==== Extracted information ====

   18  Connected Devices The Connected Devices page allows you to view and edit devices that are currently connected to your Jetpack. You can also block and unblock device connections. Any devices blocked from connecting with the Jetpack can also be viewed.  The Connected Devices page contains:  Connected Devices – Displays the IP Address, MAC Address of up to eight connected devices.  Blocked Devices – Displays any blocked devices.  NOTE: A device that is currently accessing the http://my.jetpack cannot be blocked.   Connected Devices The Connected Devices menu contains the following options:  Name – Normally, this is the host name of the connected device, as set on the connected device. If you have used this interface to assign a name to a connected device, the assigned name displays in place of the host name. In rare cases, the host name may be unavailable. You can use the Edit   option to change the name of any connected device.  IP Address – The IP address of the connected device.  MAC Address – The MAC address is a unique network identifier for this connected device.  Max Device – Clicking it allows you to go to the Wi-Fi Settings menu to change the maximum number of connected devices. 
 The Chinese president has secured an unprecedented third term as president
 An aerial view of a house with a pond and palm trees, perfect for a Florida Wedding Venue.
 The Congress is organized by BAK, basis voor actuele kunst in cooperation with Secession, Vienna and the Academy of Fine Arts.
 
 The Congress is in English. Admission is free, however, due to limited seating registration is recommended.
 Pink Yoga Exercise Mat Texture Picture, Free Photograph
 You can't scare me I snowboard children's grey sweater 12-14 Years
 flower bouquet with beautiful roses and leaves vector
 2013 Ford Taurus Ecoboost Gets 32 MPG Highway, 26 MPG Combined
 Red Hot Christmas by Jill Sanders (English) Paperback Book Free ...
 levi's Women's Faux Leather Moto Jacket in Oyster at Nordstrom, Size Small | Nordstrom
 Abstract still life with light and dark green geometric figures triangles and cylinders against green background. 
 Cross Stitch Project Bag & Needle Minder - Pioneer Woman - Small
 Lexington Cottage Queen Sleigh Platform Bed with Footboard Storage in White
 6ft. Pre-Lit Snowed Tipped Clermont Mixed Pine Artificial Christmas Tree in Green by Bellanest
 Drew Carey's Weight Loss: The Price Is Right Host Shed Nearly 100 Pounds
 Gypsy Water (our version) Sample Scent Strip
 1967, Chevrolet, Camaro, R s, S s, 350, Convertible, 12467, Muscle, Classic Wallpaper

====

Action item:
Within the listing above, locate the line containing "Pink Yoga Exercise" and the line containing "Gypsy Water (our version) Sample Scent Strip". Reproduce those two lines and all lines between them exactly, with nothing added.

Solution below:
 Pink Yoga Exercise Mat Texture Picture, Free Photograph
 You can't scare me I snowboard children's grey sweater 12-14 Years
 flower bouquet with beautiful roses and leaves vector
 2013 Ford Taurus Ecoboost Gets 32 MPG Highway, 26 MPG Combined
 Red Hot Christmas by Jill Sanders (English) Paperback Book Free ...
 levi's Women's Faux Leather Moto Jacket in Oyster at Nordstrom, Size Small | Nordstrom
 Abstract still life with light and dark green geometric figures triangles and cylinders against green background. 
 Cross Stitch Project Bag & Needle Minder - Pioneer Woman - Small
 Lexington Cottage Queen Sleigh Platform Bed with Footboard Storage in White
 6ft. Pre-Lit Snowed Tipped Clermont Mixed Pine Artificial Christmas Tree in Green by Bellanest
 Drew Carey's Weight Loss: The Price Is Right Host Shed Nearly 100 Pounds
 Gypsy Water (our version) Sample Scent Strip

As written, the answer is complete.